Ha that is what I have been doing wrong. I have been typing mobile1.com not 1mobile.com

Sent from my Kindle Fire using Tapatalk


----------



## teri (Sep 13, 2010)

I have the paid version cause I can not stand the dang ads so I had to do it the round-a-bout way.


----------



## gilly78201 (Nov 12, 2011)

I love this game. but I need more colors..lol


----------



## teri (Sep 13, 2010)

gilly78201 said:


> I love this game. but I need more colors..lol


I feel the same way...I mean really, no green?  I haven't read all the instructions to the game but it looks like if I play it enough I can "buy" color packages with my winnings. I am enjoying it but I've all ready seen it repeat items to draw.


----------



## krm0789 (Dec 21, 2010)

teri said:


> I feel the same way...I mean really, no green?  I haven't read all the instructions to the game but it looks like if I play it enough I can "buy" color packages with my winnings. I am enjoying it but I've all ready seen it repeat items to draw.

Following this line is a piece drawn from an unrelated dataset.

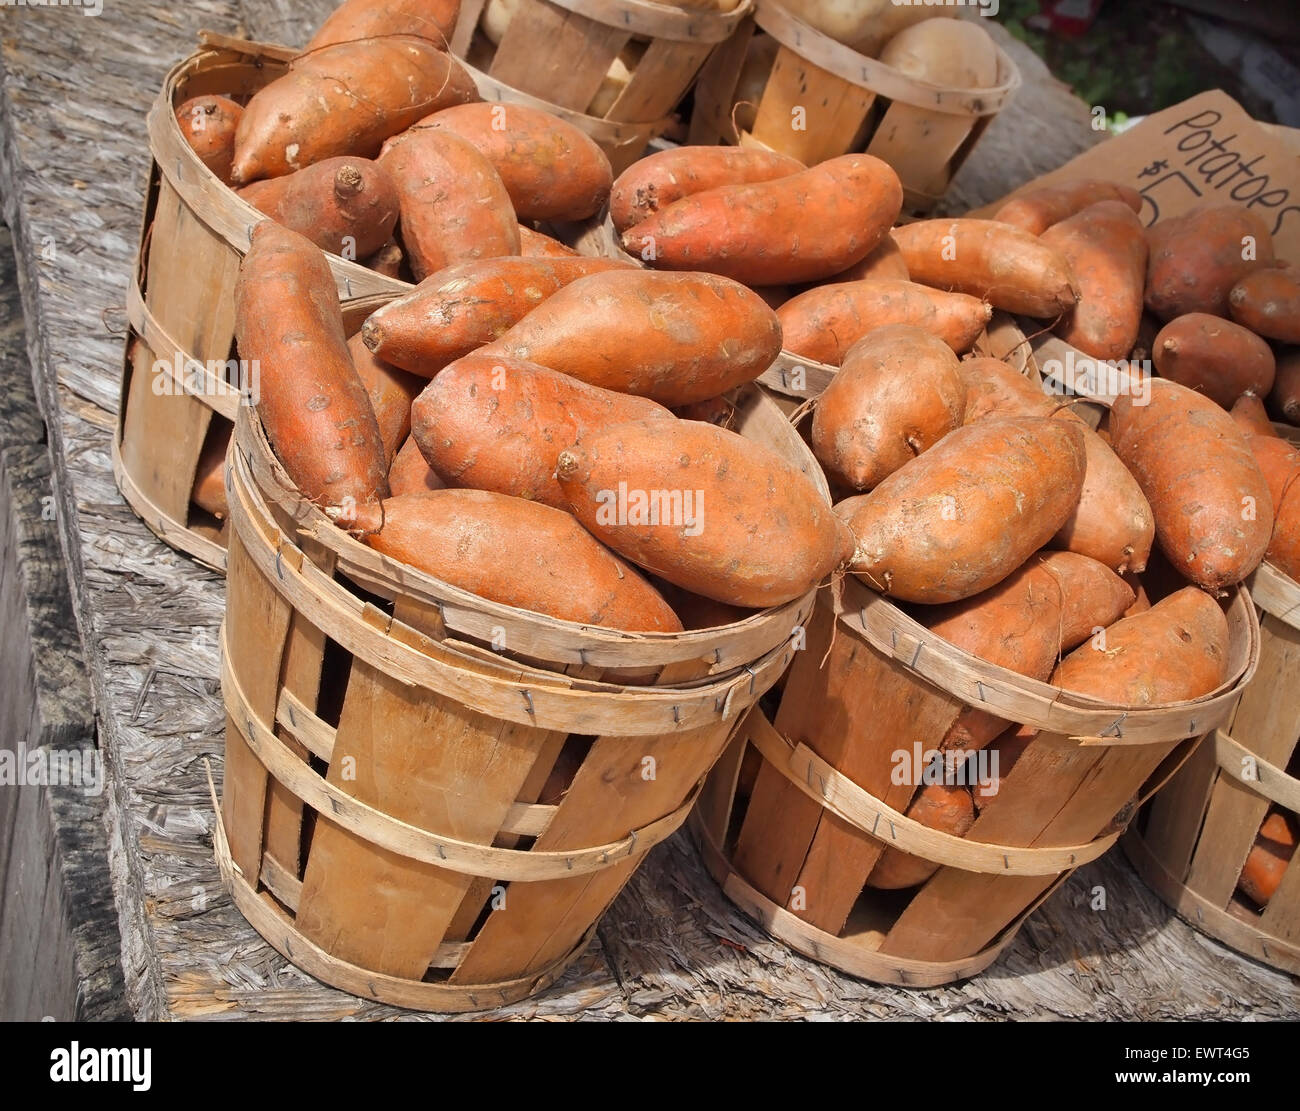 Boisseaux de patates douces de couleur orange vif pour la vente à un marché fermier local. Banque D'Images

Yes. Color packages are 249 coins... I was obsessed with hitting that so I could get some more darn colors! I bought the mardi gras packages which has grey, green, purple, orange, etc. My drawings are much more fun now 

I believe the paid version has more words, but the Fire's my only Android device so idk how to pay for it & get it on there.


----------



## Scheherazade (Apr 11, 2009)

Zynga just bought it... for better or for worse.  Guess we'll see.  The guy in charge said some pretty nasty things on Twitter, though, makes me kind of not want to support it at all -_-


----------